_Information supplied_

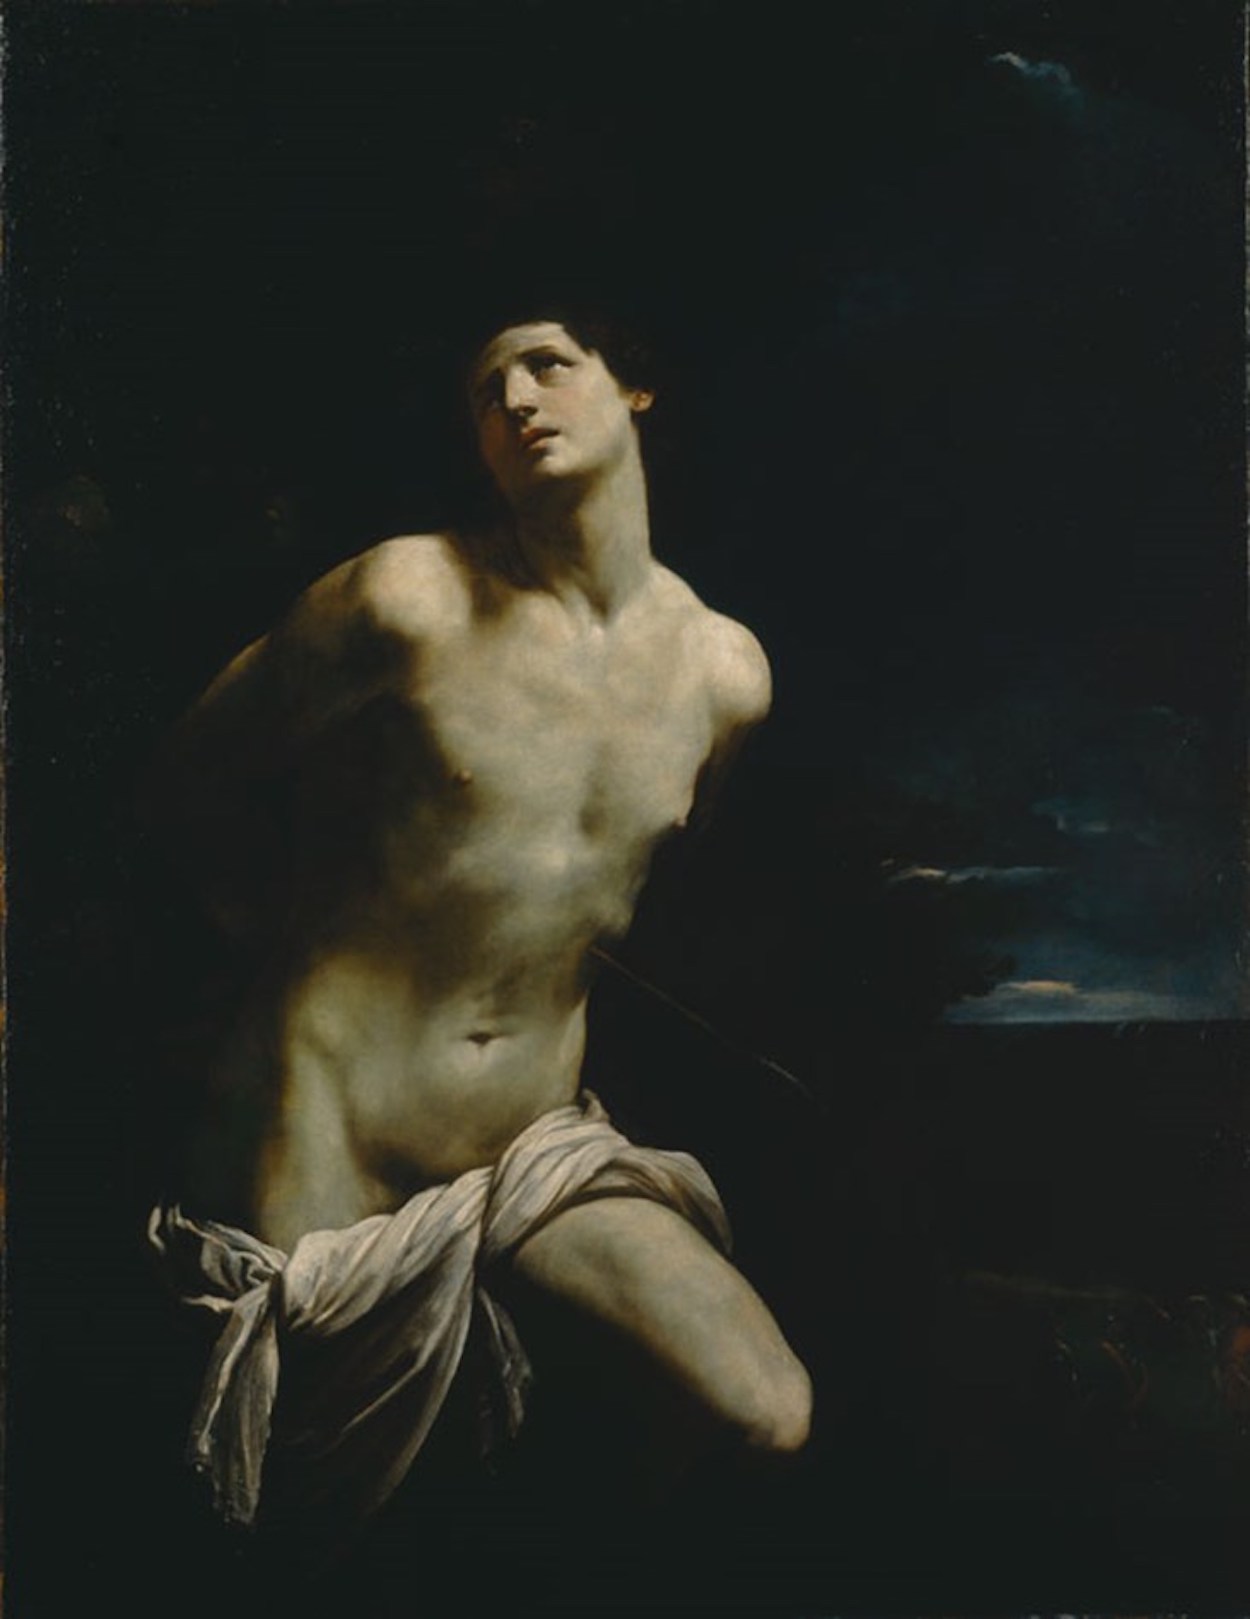 Heiliger Sebastian by Guido Reni - ca. 1630-35 - 170.1 x 131.1 cm Dulwich Picture Gallery
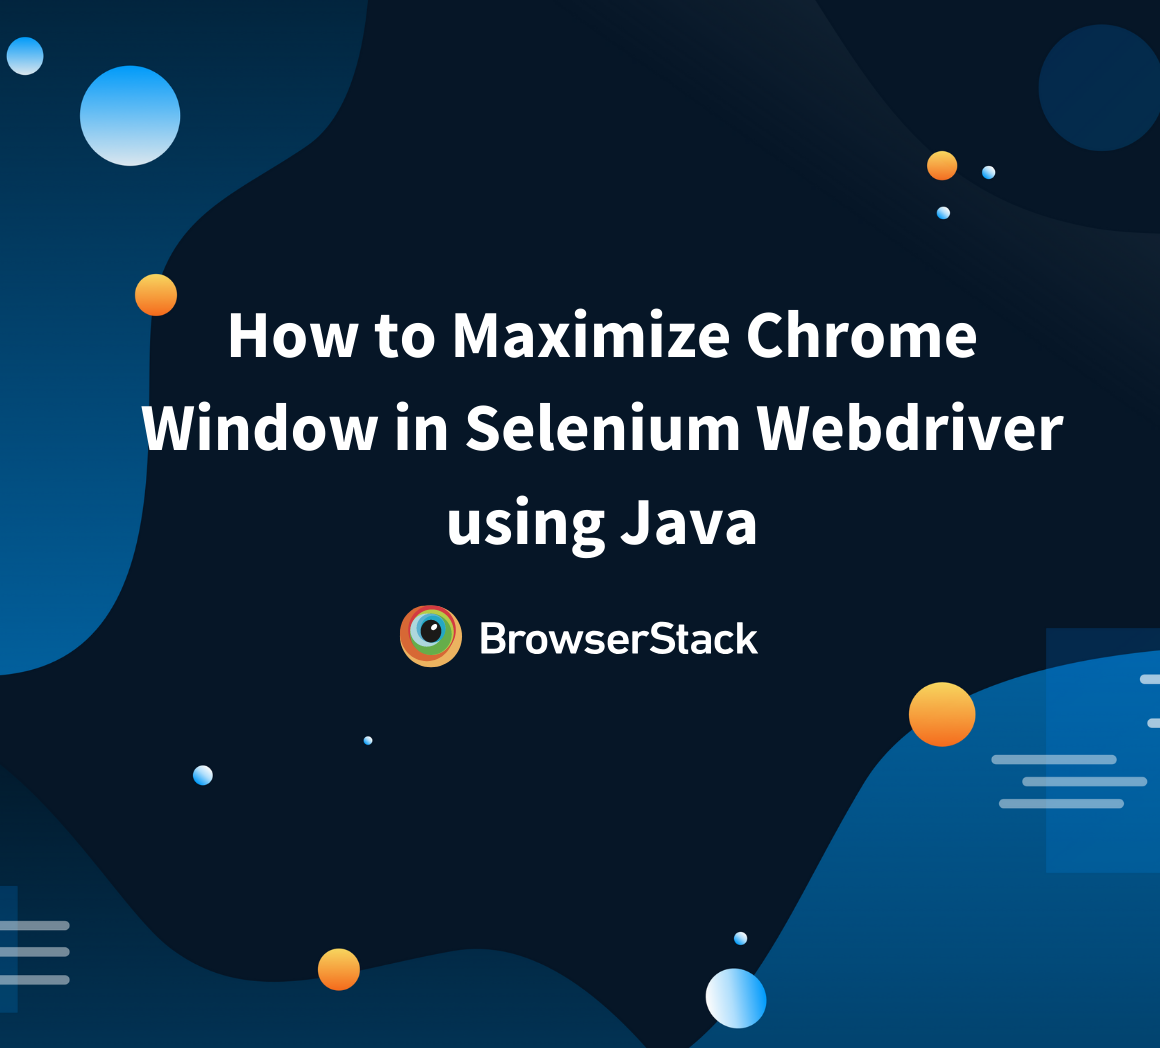 How to Maximize Chrome Window in Selenium Webdriver using Java
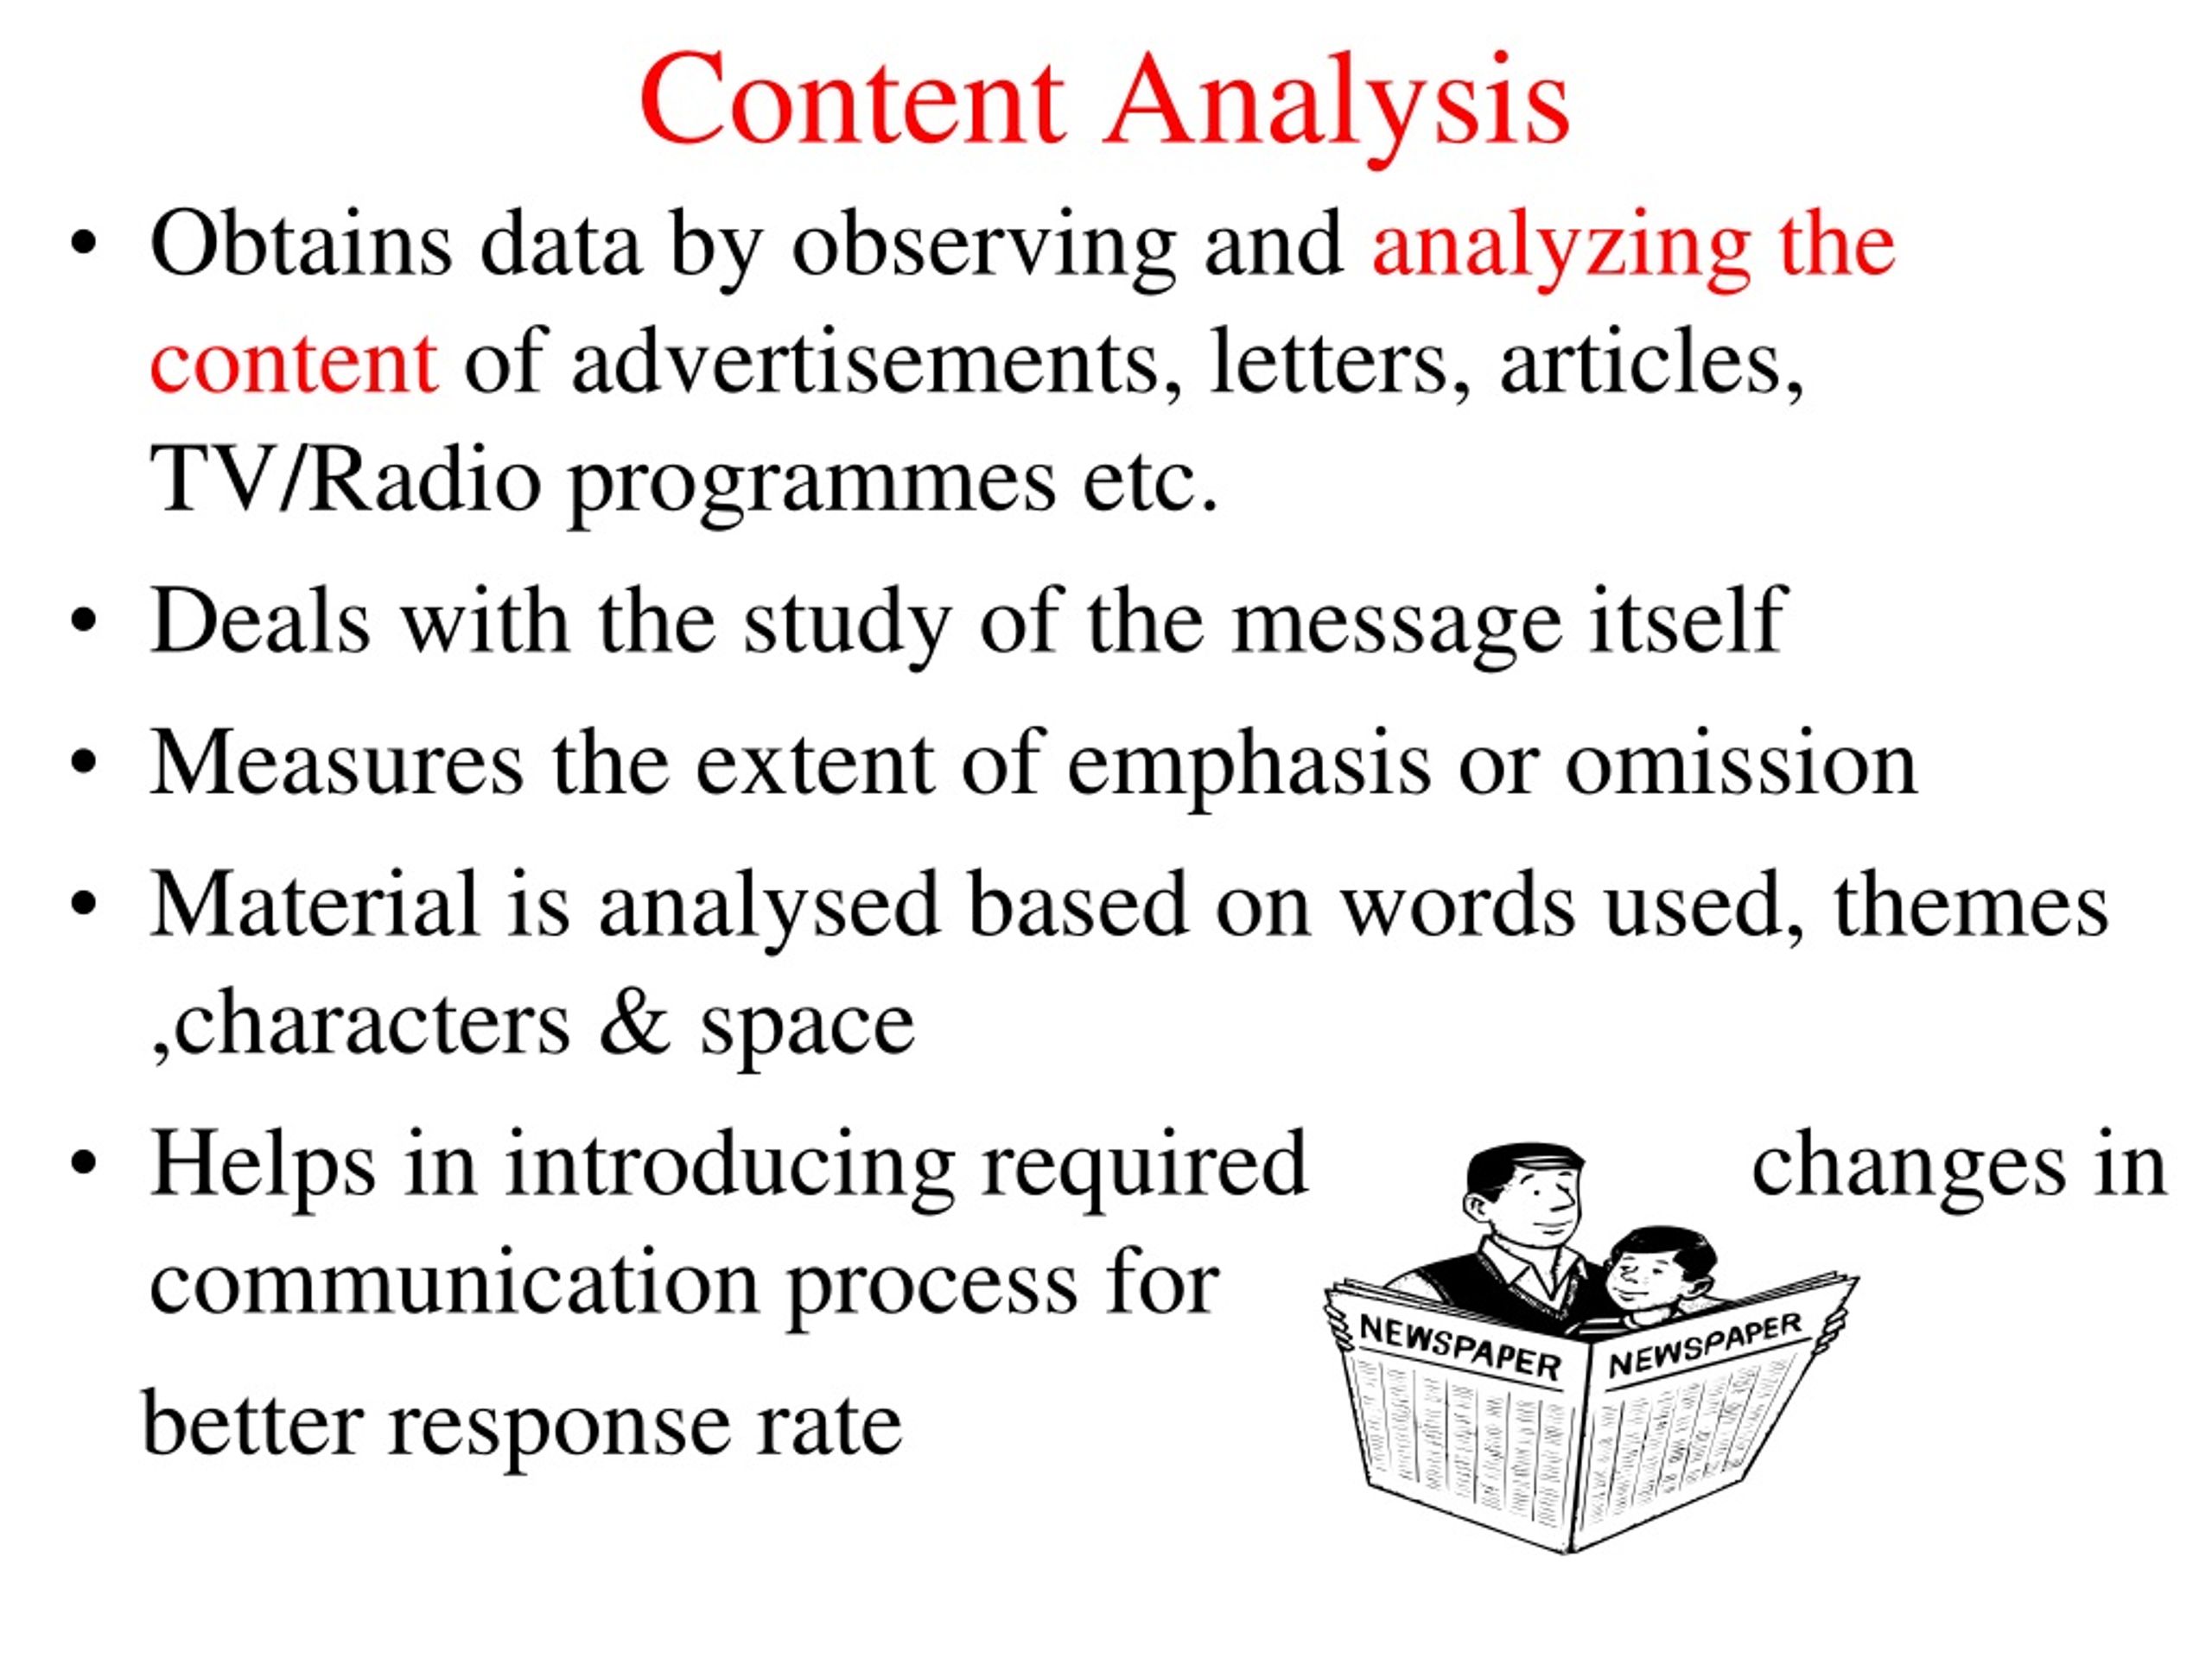 content analysis historical research

_Task to complete_
Copy each line above exactly, with no images.

_Your solution_
 Heiliger Sebastian by Guido Reni - ca. 1630-35 - 170.1 x 131.1 cm Dulwich Picture Gallery
 How to Maximize Chrome Window in Selenium Webdriver using Java
 content analysis historical research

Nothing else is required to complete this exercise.